** Opening Provided data block **
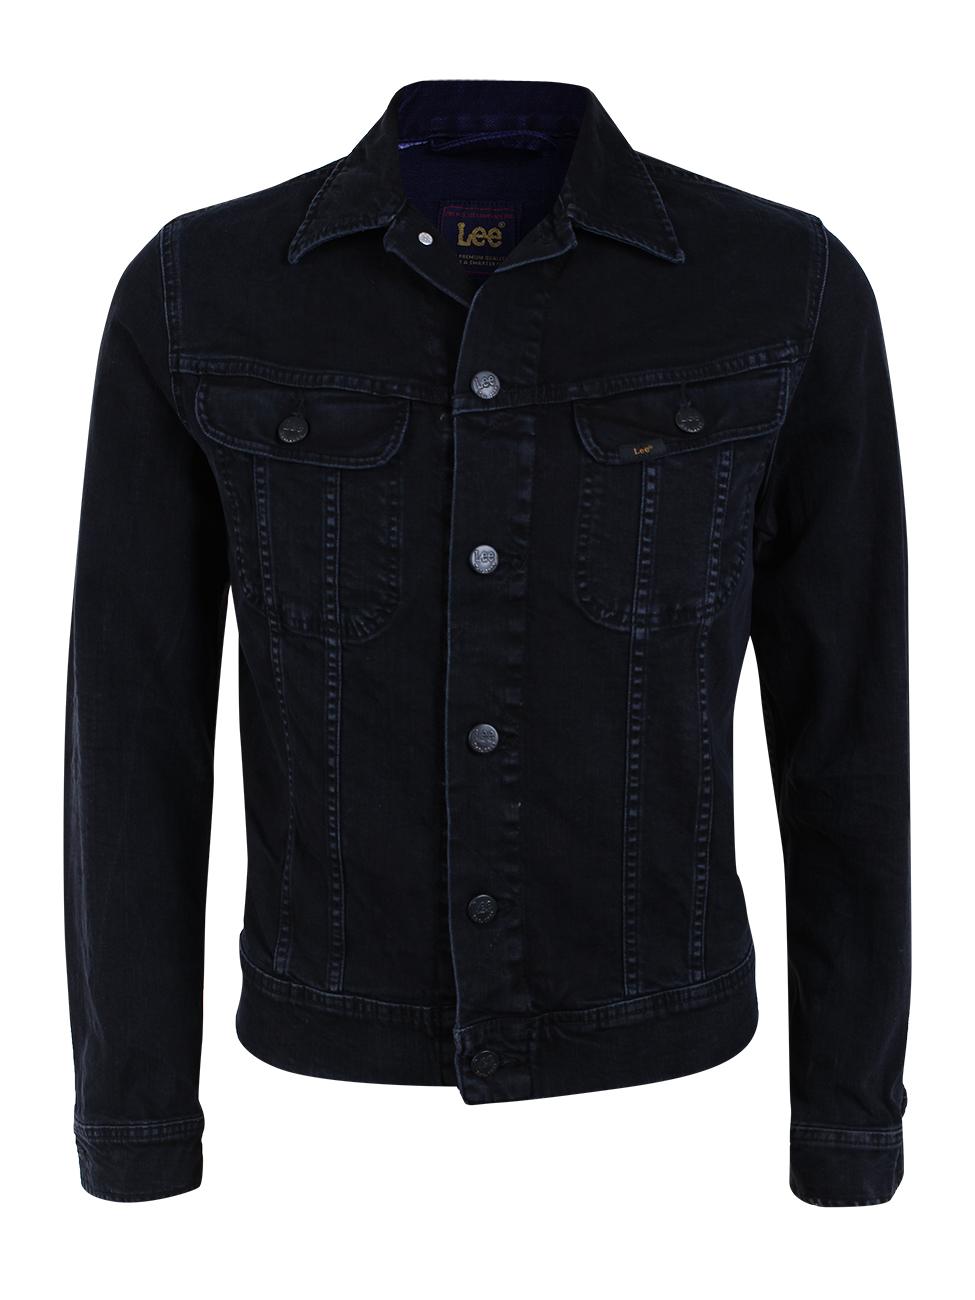 lee herren jeansjacke slim rider slim fit schwarz dark raven ebay. Black Bedroom Furniture Sets. Home Design Ideas
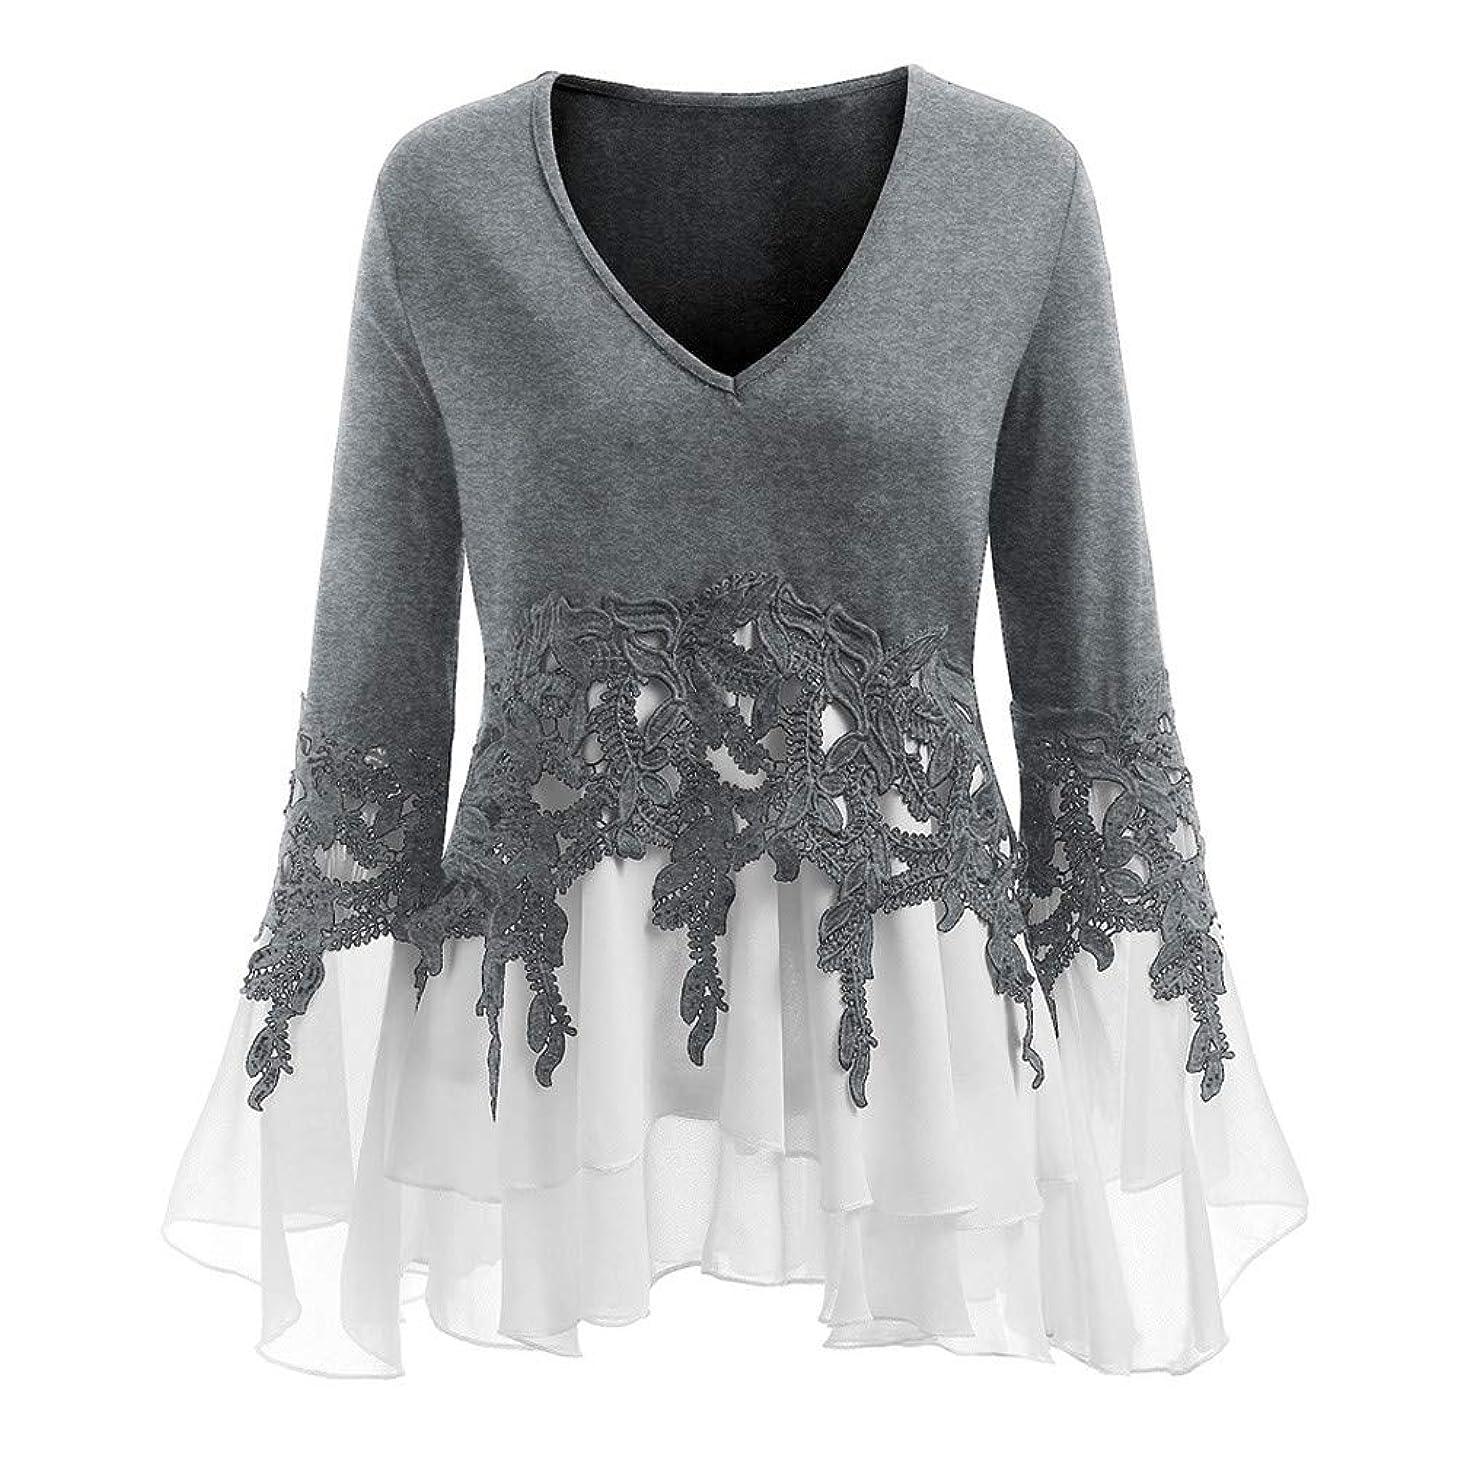 Hotkey Womens Long Sleeve Rash Guard Womens Casual Applique Flowy Chiffon V-Neck Long Sleeve Blouse Tops
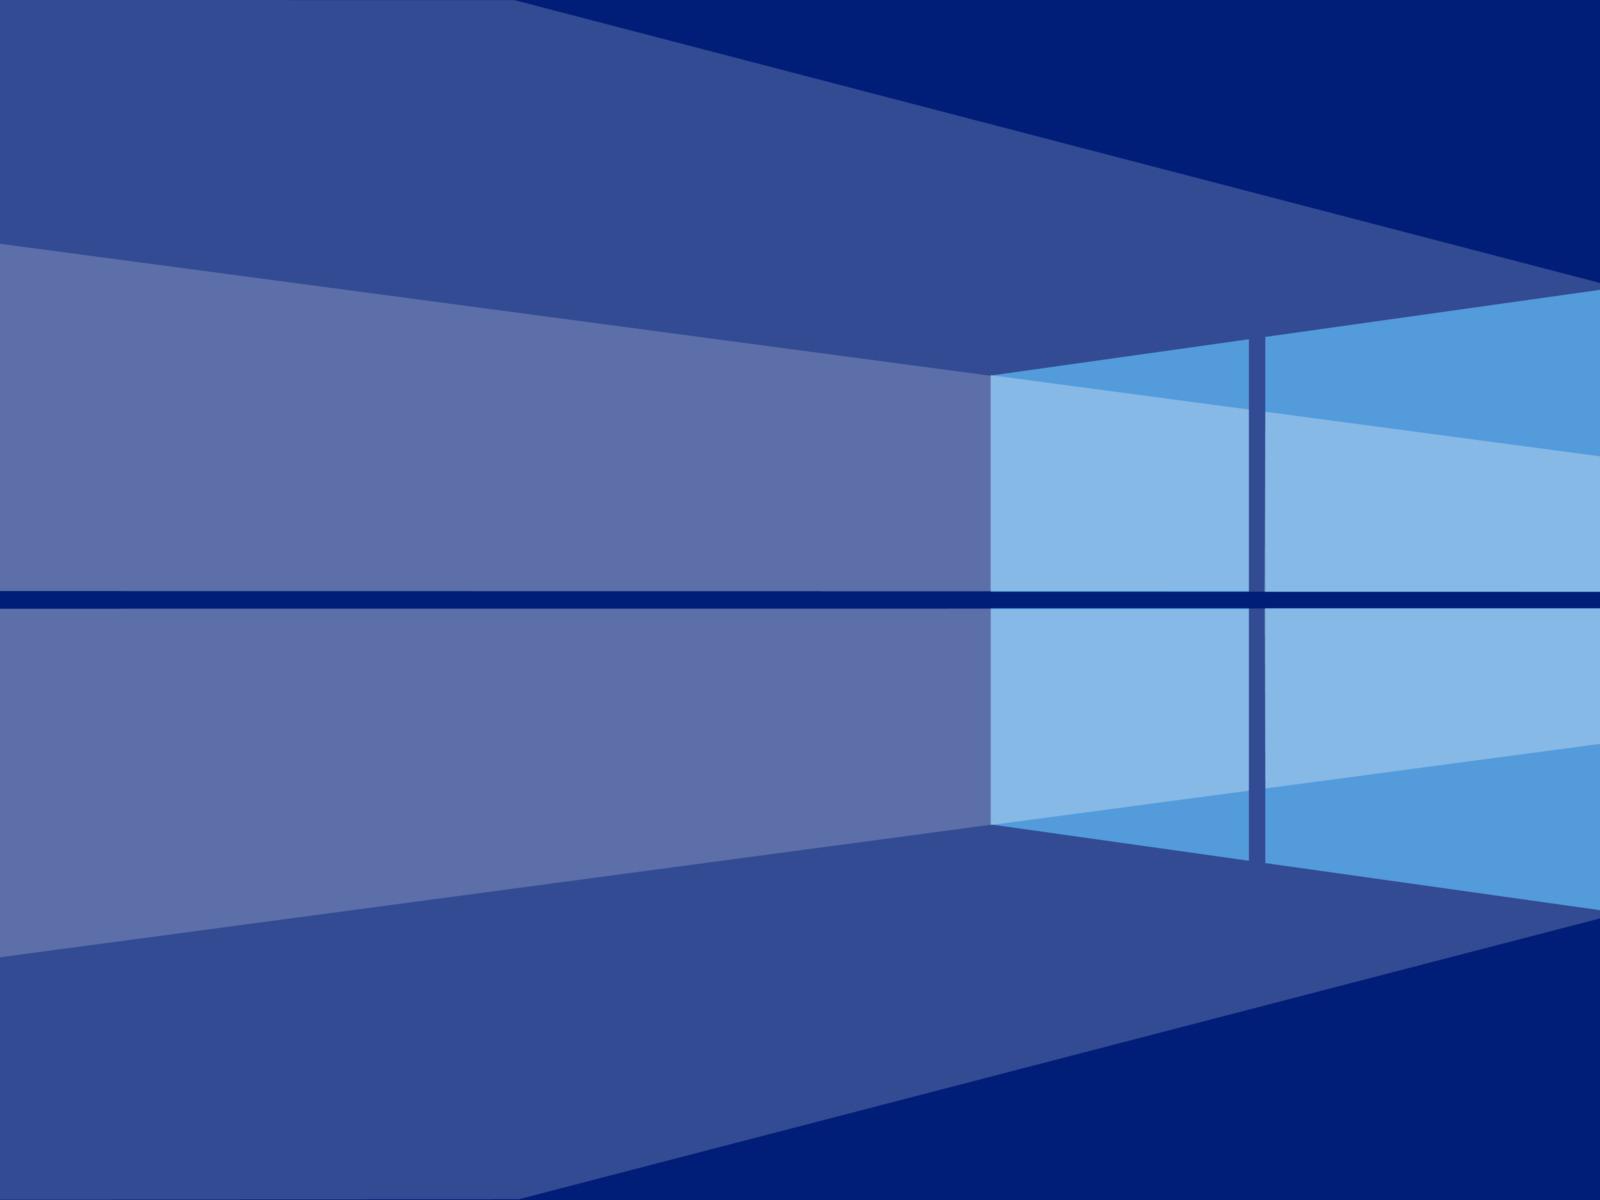 1600x1200 Windows 10 Original 4k 1600x1200 Resolution Hd 4k
** Closing Provided data block **
_Exercise instructions_: Only the pictures are to be left out, and all of the data must otherwise be transcribed exactly.

_Exercise answer_:
 lee herren jeansjacke slim rider slim fit schwarz dark raven ebay. Black Bedroom Furniture Sets. Home Design Ideas
 Hotkey Womens Long Sleeve Rash Guard Womens Casual Applique Flowy Chiffon V-Neck Long Sleeve Blouse Tops
 1600x1200 Windows 10 Original 4k 1600x1200 Resolution Hd 4k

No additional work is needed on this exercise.